The light from the furnace fire lit my kinsfolk’s faces in a strange way, casting heavy shadows and making them look ugly, even those few that weren’t. ‘We say Oyoyoy!’ they screamed. ‘We say Oyoyoyoyoyoyoy!’
‘And whadderwewant, eh?’ the Smelter asked, slightly condescending, as if he was the teacher and everyone else his pupils.
‘More! We want more!’
‘That’s right. And when we got it, whadderwedo with it?’
There came a brief puzzled silence, during which I too wondered what the Smelter was angling for by way of reply. What do you do with a great deal of gold? You can’t eat it; you can’t wear it – not much of it anyway; it doesn’t keep the cold out; it doesn’t really, when you come to think of it, serve any useful purpose at all.
‘We put it in the tub,’ came an uncertain voice from the back.
‘Yeah! Grubagrub grub, we put it in the tub!’ the others joined in.
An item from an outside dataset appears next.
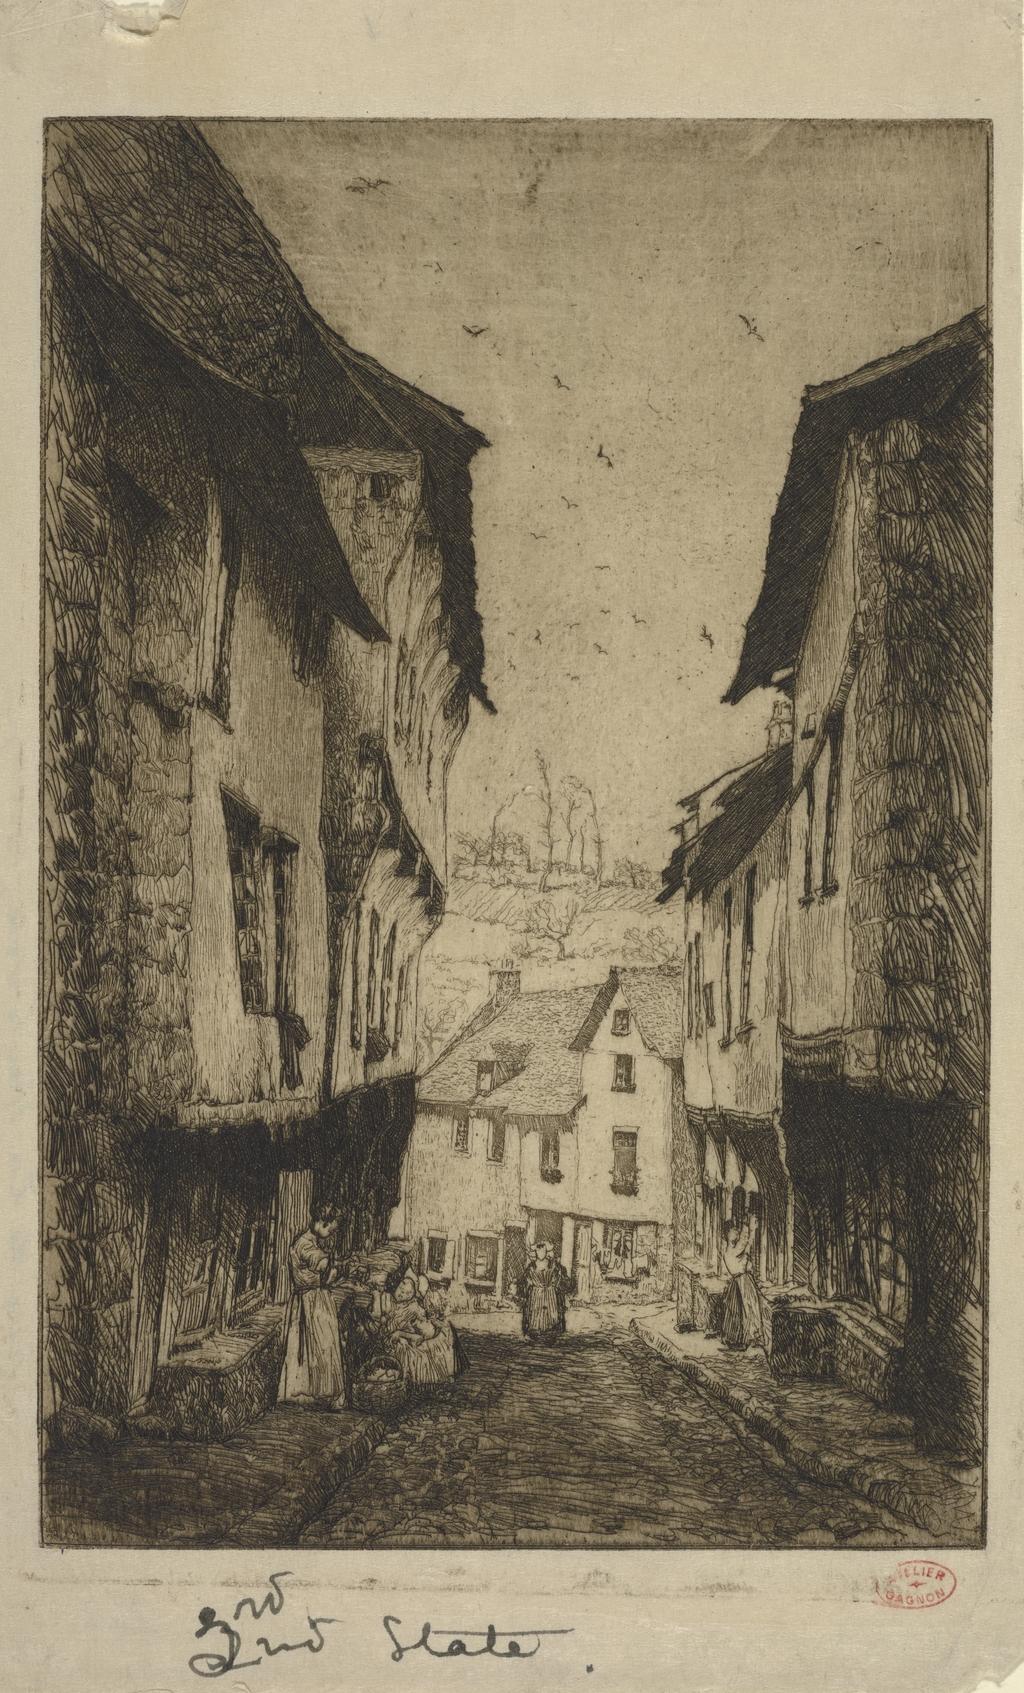 Rue de la Haute-Voie, Dinan

But this was still not what the Smelter was after. ‘And then?’ he urged. ‘And then? Where do we put the tub to keep it safe, eh? Where did out grandparents keep their gold, and their grandfathers before them? Think, you blockheads! They kept it in Au… in Au…’
‘In ore stacks?’ came the same voice as before.
‘In orchards?’ came another.
‘I know!’ squeaked Jet at my elbow before I could stop her. ‘In Aurona! They kept it in Aurona!’
Silly Jet, but it didn’t really matter because the last word was snatched out of her mouth almost before she had finished saying it and taken up by the entire assembly and shouted for so long that we had plenty of time to run back to our beds without being discovered. From where we could still hear it, booming out into the night like a stag’s love cry. Or, noisier, like the roar of an avalanche as it hits the tree line. ‘Au-rona! Au-rona! Au-rona! Au-rona!’
Next morning a crown was presented to Odolghes for him to wear on special occasions. The smiths had made it from the button overnight: a thick ring of beaten gold with an empty space in the front for the setting of the famous Raietta stone. He never wore it, however. First because he said he was not a King but a Chief and preferred the old feathered headdress, and second because when the casket containing the Raietta was opened there was found to be no stone inside, simply a note from my mother saying, Sorry, but for her journey she needed something valuable and easy to carry, and this bauble was just the job.